С этой новостью было не так-то легко освоиться. Его больной разум отказывался от нее. Оливеру почему-то вообще трудно было думать. Не спуская глаз с человека, он мучительным усилием заставил себя додумать до конца:
– Значит, они отправились дальше. Но вы-то остались? Зачем? Вы… вы Сенбе? Я слышал вашу… Клеф называла ее симфонией.
– Вы слышали только часть. Она пока не закончена. Мне требовалось еще вот это. – Сенбе кивком показал на шторы, за которыми стоял приглушенный рев.
– Вам требовался метеор? – Истина с трудом пробивалась сквозь притупленное сознание, пока не наткнулась на какой-то участок мозга, еще не затронутый болью и способный к умозаключениям. – Метеор? Но…
Сенбе поднял руку, и этот жест, полный безотчетной властности, казалось, снова уложил Оливера на подушку. Сенбе терпеливо продолжал:
– Самое страшное уже позади, хотя бы на время. Если можете, постарайтесь забыть об этом. После катастрофы прошло уже несколько дней. Я же сказал вам, что вы долго спали. Я дал вам отдохнуть. Я знал, что дом не пострадает – по крайней мере, от огня.
– Значит, случится что-то еще? – пробормотал Оливер.

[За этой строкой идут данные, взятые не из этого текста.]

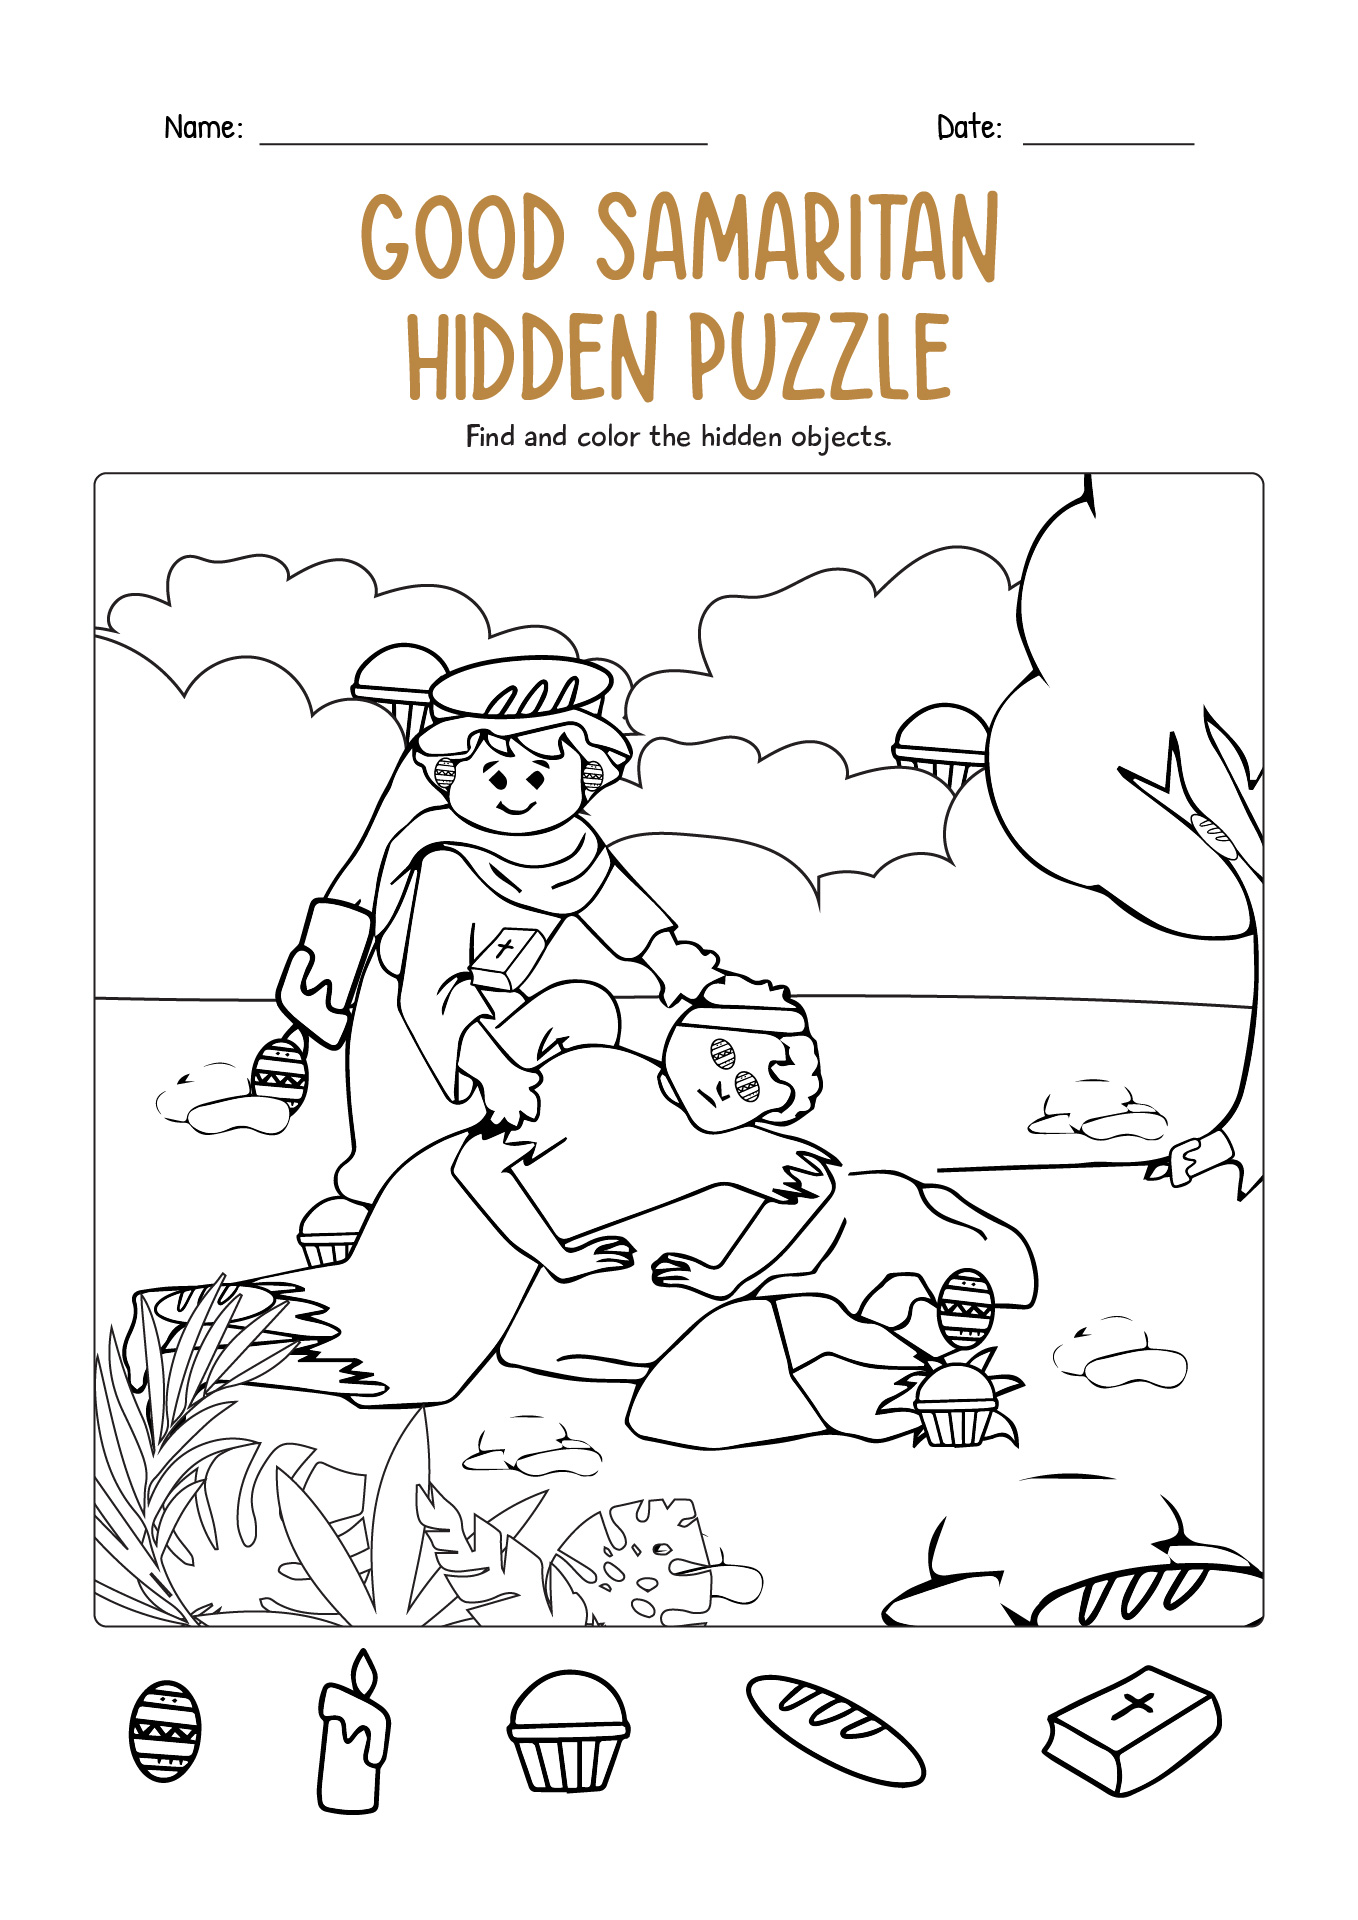 Good Samaritan Hidden Puzzle

Уверенности в том, что ему так уж нужен ответ, у него не было. Столько времени его мучило любопытство, но сейчас, когда он узнал почти все, какая-то часть его существа решительно отказывалась выслушивать остальное. Может быть, эта слабость, это лихорадочное головокружение пройдут вместе с действием напитка… Голос Сенбе звучал ровно, успокаивающе, как будто он тоже хотел отвлечь Оливера от тяжелых мыслей. Проще всего было лежать так спокойно и слушать.

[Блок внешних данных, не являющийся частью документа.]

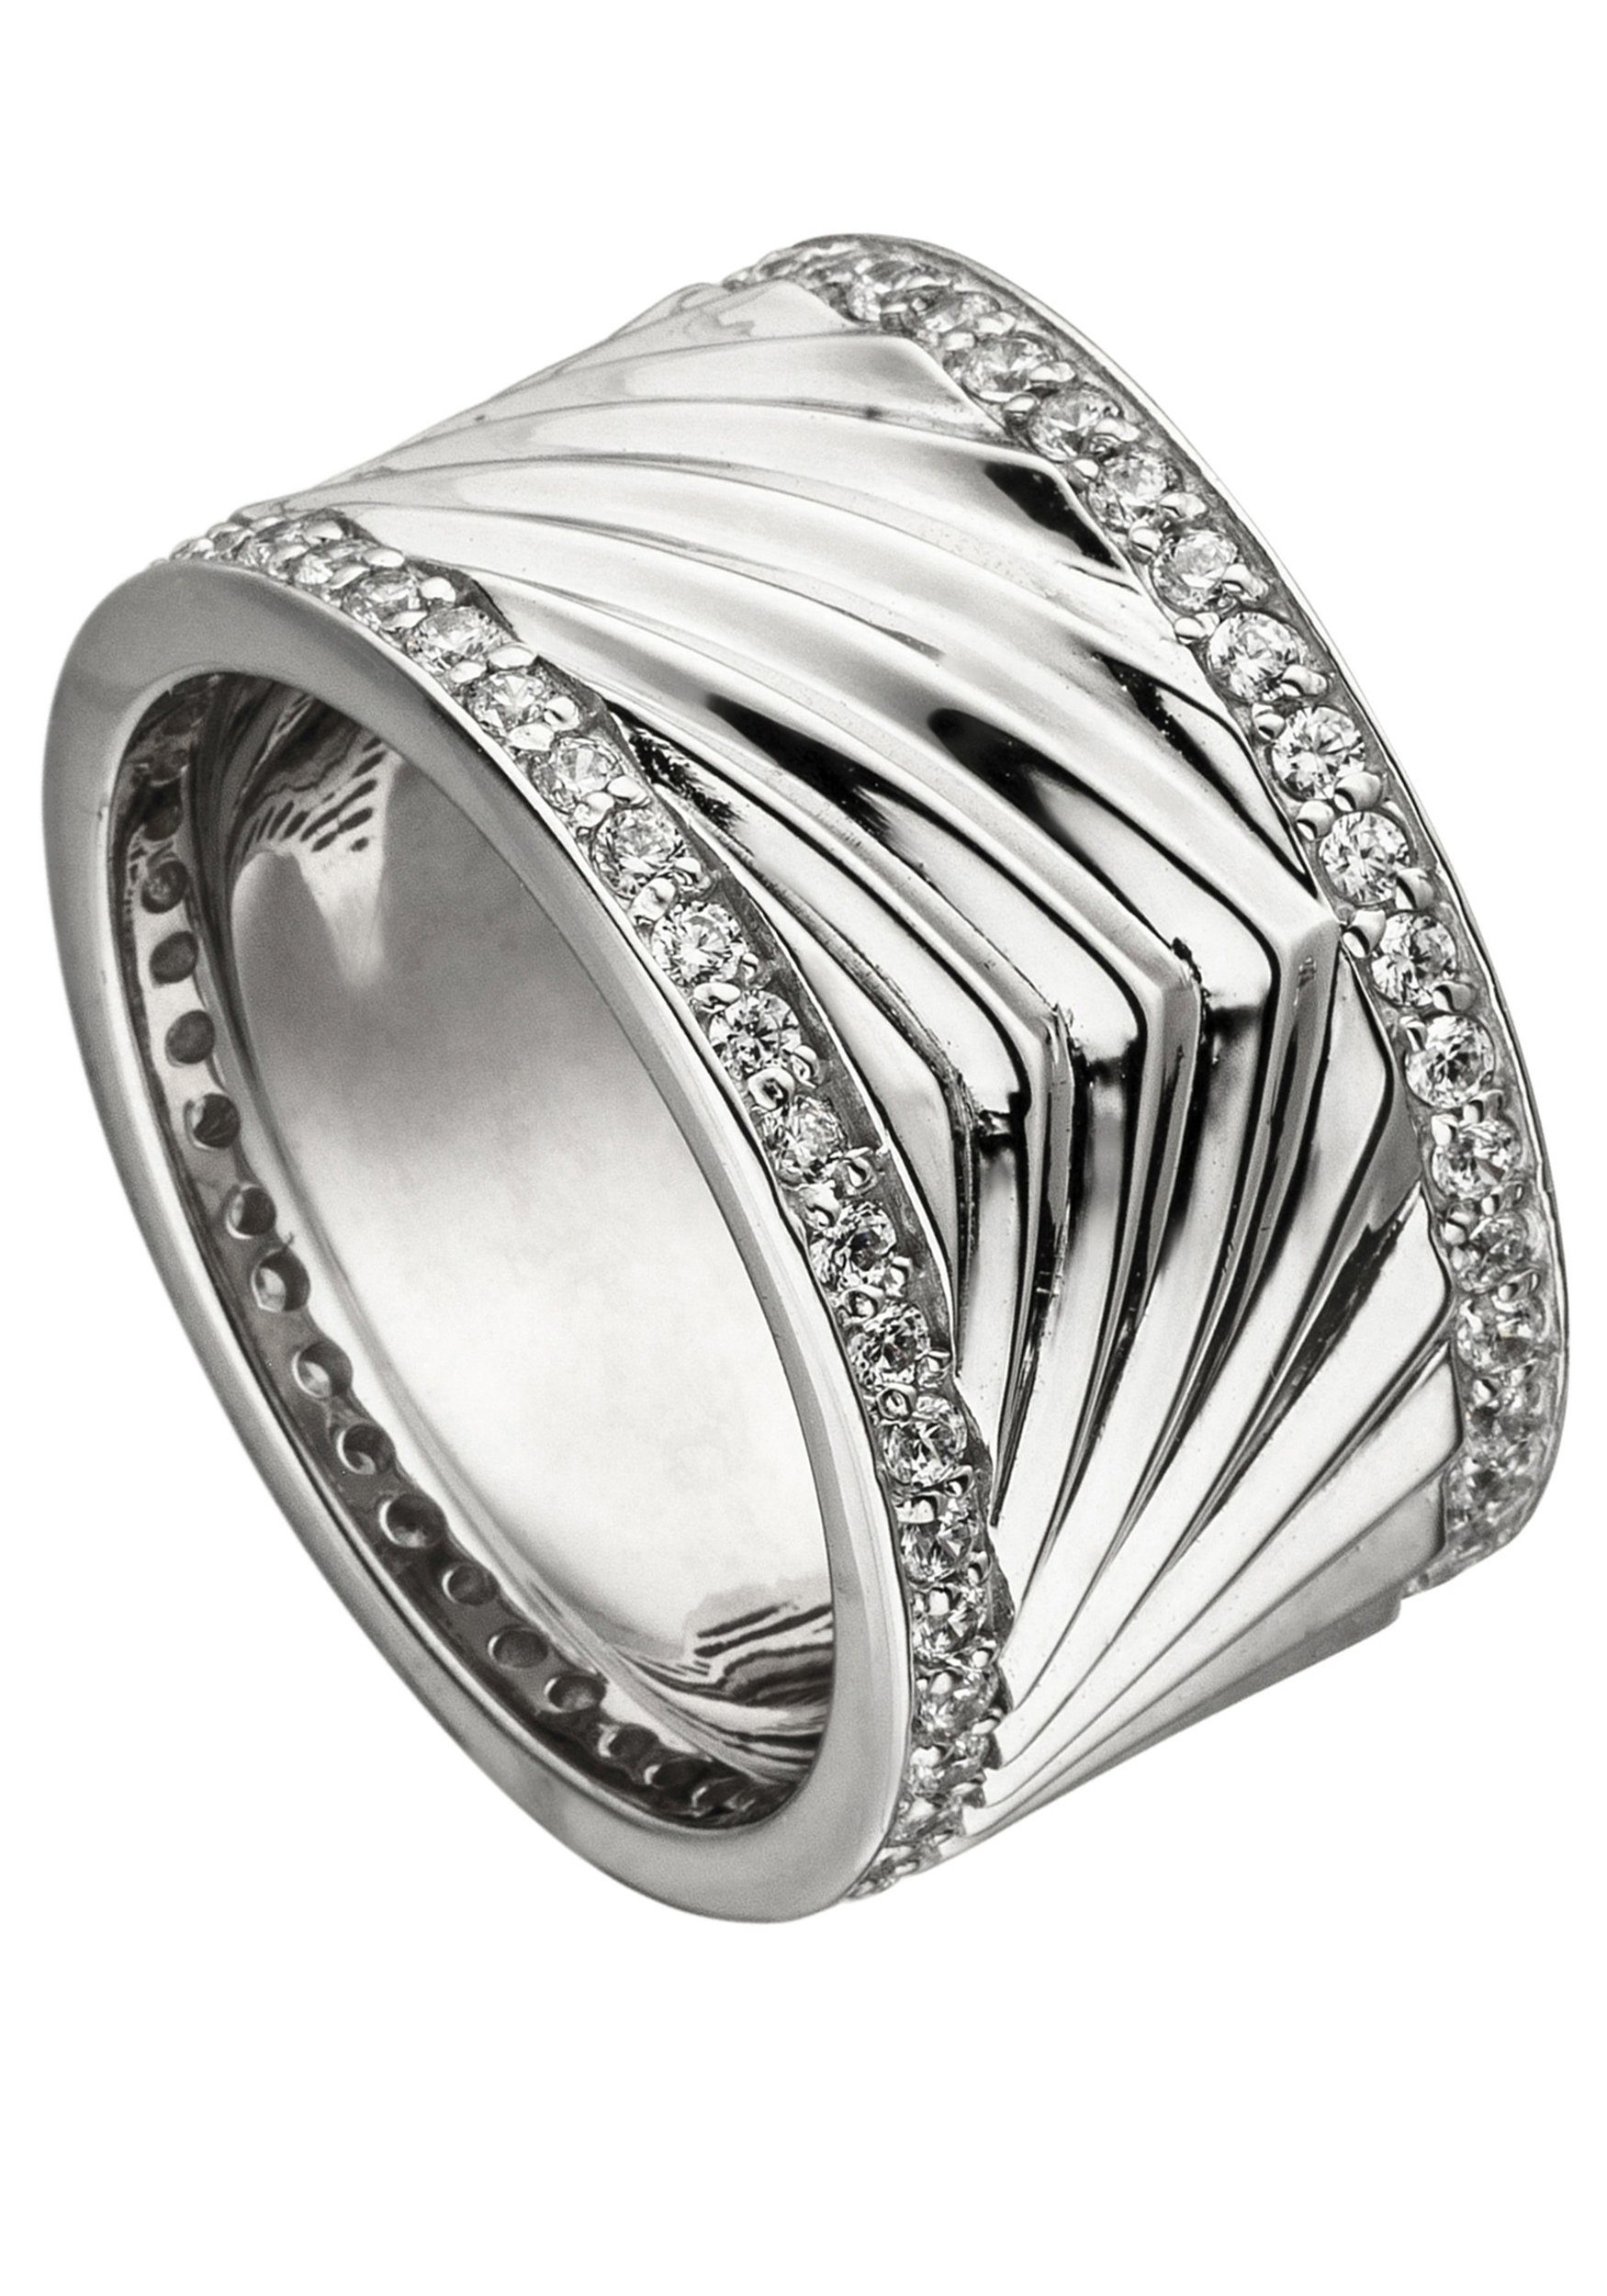 JOBO Fingerring Breiter Ring mit Zirkonia, 925 Silber

– Я композитор, – говорил Сенбе. – Переложение некоторых форм бедствий на язык моего искусства – вот что меня занимает. Поэтому я и остался. Все прочие – дилетанты. Они приехали наслаждаться погодой и зрелищем. Последствия катастрофы – к чему они им? Но я – другое дело. Я считаю себя знатоком. И на мой взгляд, эти последствия не лишены известного интереса. Больше того, они мне нужны. Мне необходимо лично проследить их – на это у меня есть свои основания.
На мгновение его острый взгляд задержался на Оливере с тем безразлично-изучающим выражением, какое свойственно врачам. Он рассеянно потянулся за пером и блокнотом, и на внутренней стороне крепкого смуглого запястья Оливер увидел знакомую отметину.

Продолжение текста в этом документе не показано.